I'm not a scientist, I'm a mechanic.

Splitting an atom is fission.
I would imagine if you split an atom it will no longer be an atom?



So if anything it will have less mass.

I think of matter as condensed energy. If mass (matter) is split apart energy is released in the process. At higher rates of fission all the matter would become energy. Mankind cannot completely fission matter, that is why there is radioactive sludge created by power plants. If we could 100% fission matter nothing would remain except energy.

mikey try it this way....

take up scoop of snow the mash it all together as tight as you can.

it has the same mass before and after.

it has a different volume

but it would weigh less (1/6) if you took it to the moon.

mass is almost weight less the effect of near field gravity.

Ok, are they trying to create a black hole in the hedron collider ?

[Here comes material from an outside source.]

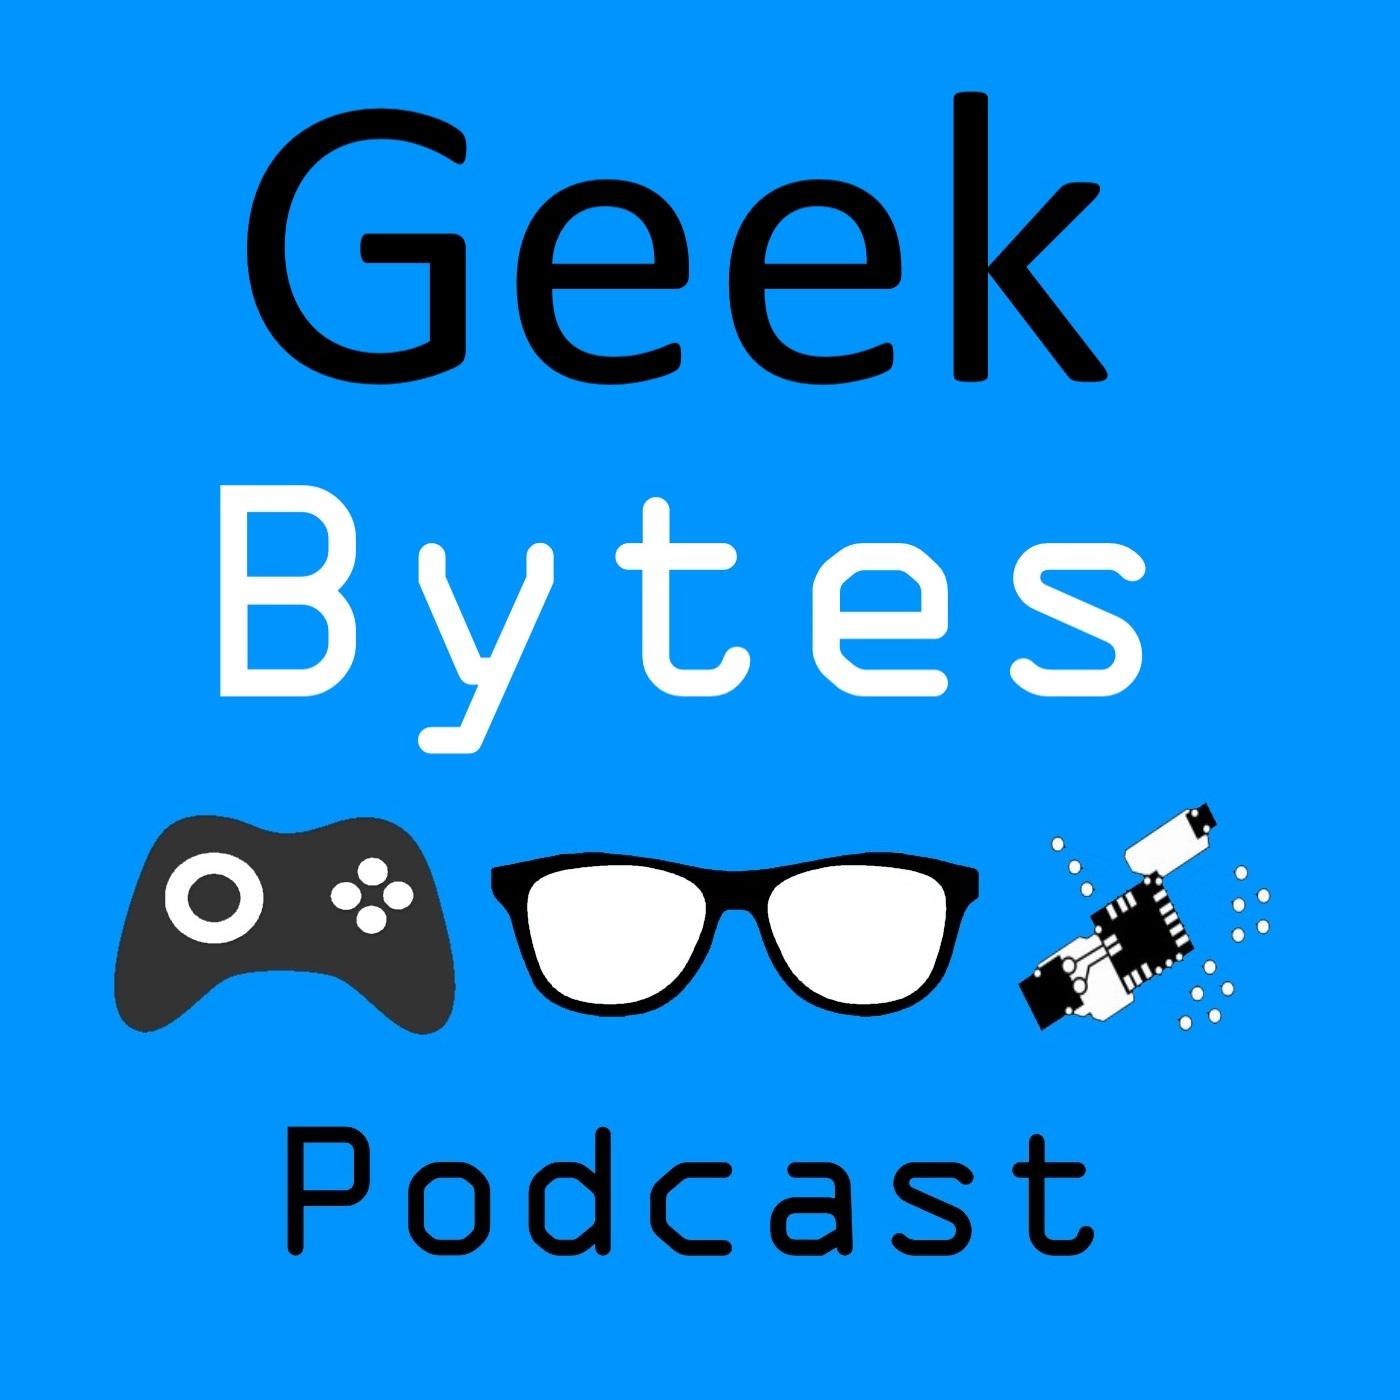 Geek Bytes Podcast Shownotes — LitRPG Podcast

You see both together as matter.

If you look at a 2x12 plank of pine and there is a 2x12 plank of steel right beside it, volumetrically they appear the same.
If you were to paint the steel plank to appear as wood, your worker would not know the difference until he tried to carry it.
(Could be a set up for a funny video)

Have someone carry a wood plank and sit it down while your patsy looks, then when they are not looking remove the wood plank and put a steel one in place. Then ask them to go fetch that plank real quick. When they return without it take them aside about following instructions and change them back. Then have someone else go fetch the plank and lift it to someone above them while the patsy watches.

think of it as the space between the atoms shrinks...the denser something is, the less space there is between the atoms... if the earth shrunk to the size of a peanut, and retained it's mass, that's kind of what a black whole would be

That's what I was wondering with the apple!